Wal-Mart reaffirms ‘green’ initiatives

— Wal-Mart Stores Inc. reaffirmed Thursday that it is committed to reducing the environmental impact of its operations around the globe.

The occasion was the company’s Global Sustainability Milestone Meeting at company headquarters in Bentonville, an event that was carried live online as a webcast.

Mike Duke, president and chief executive officer, said that when the company launched a series of environmental initiatives in 2009, it was told that the effort would “really be complicated” and that getting others, including suppliers, to agree on the goals would be difficult.

“I’m glad we did it. And it did take a lot of work,” he said. “This is a worldwide effort that Wal-Mart is embarking on.”

Among the company’s stated goals is to ultimately produce zero waste in its operations.

“We’ve made amazing progress on that,” Duke said. “But we still have a long ways to go.”

In the long term, he said, customers will expect products to be grown or produced in an environmentally responsible way, and that it will take all of the company’s merchants and other operations “to achieve these audacious goals.”

Michelle Harvey, senior project manager for retail for the Environmental Defense Fund, an advocacy group, said Wal-Mart’s message to its own buyers and to suppliers “sets a new level of expectations.”

“What’s really encouraging to us is that sustainability is now a part of the evaluation of the merchants, part of their job performance,” said Harvey, who is based in Bentonville.

Wal-Mart’s environmental initiatives launched in 2005 and 2006 under former Chief Executive Lee Scott initially generated a lot of energy, she said. When Duke took over, she said, “cheerleading” wasn’t his style and some in the rank-and-file at Wal-Mart questioned whether sustainability was still a priority.

“This tells merchants, we don’t want to go backward,” she said. “We’re really very excited about the direction things have been going since the first of the year.”

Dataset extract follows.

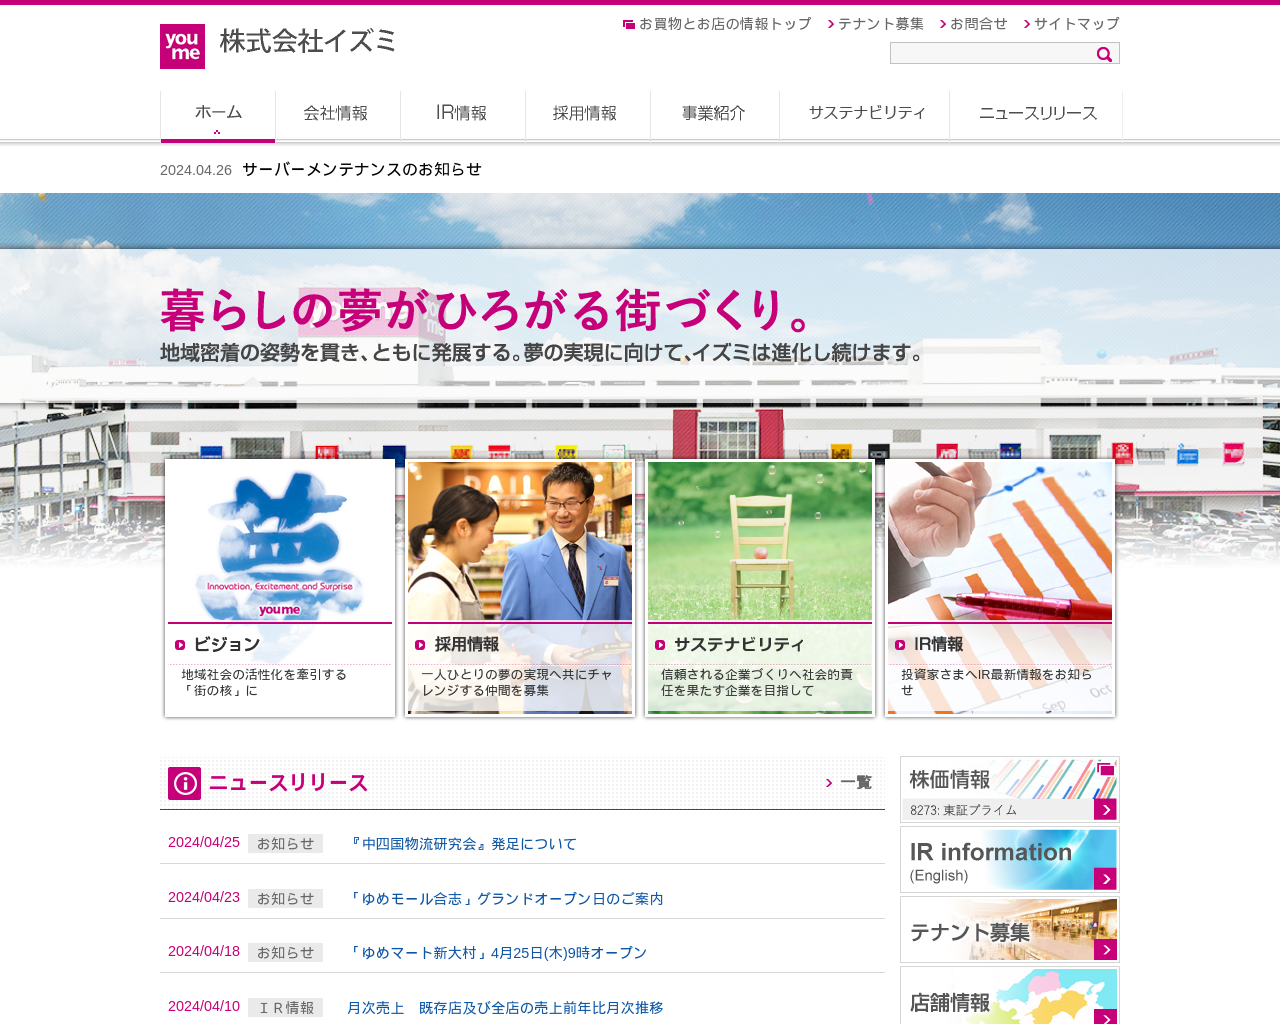 izumi.co.jp

Leslie Dach, Wal-Mart executive vice president for corporate affairs, said the company realized early on in its sustainability push that it didn’t have all the answers, so it partnered with nongovernmental organizations to share knowledge and “give us a little push.”

“They’ve held our feet to the fire,” he said.

Among those organizations was the World Wildlife Fund, a conservation organization. Carter Roberts, president and chief executive of the organization, said during the webcast that the organization’s role “has changed dramatically from when I started in this field.”

Initially, he said, the focus was on issues such as saving polar bears. But local action only goes so far when global forces are at work, he said, and if you don’t engage business, you won’t succeed in the long run.

“We have seen the limits of government in solving these problems,” he said.

Key issues for his organization, he said, are climate change and resource scarcity, and the impact that has on business and consumers.

“Feeding the people without destroying the planet is probably our biggest challenge,” he said.

Doug McMillon, president and chief executive of Wal-Mart International, said that on a recent visit to the company’s operations in Brazil, he was reminded of the company’s broad reach.

A school the company helped fund taught students about business and has seen a 65 percent increase in participation since 2010. Eighty percent of students in the programs get jobs, many of whom were from impoverished homes and “didn’t have a chance,” he said.

The company, he said, has established 246 recycling stations which employ more than 1,000 people.

Camille Valverde, sustainability director for Wal-Mart Brazil, said 17 percent of the Amazon region has been deforested, and that clear-cutting to raise cattle is the reason for 60 percent of the clearing. Wal-Mart Brazil, she said, asks beef suppliers to trace the product back to the farm, an effort to avoid encouraging further deforestation.

Wal-Mart’s stock closed Thursday at $75.14, up $1.07, or 1.4 percent. It has traded between $49.94 and $75.24 in the past year.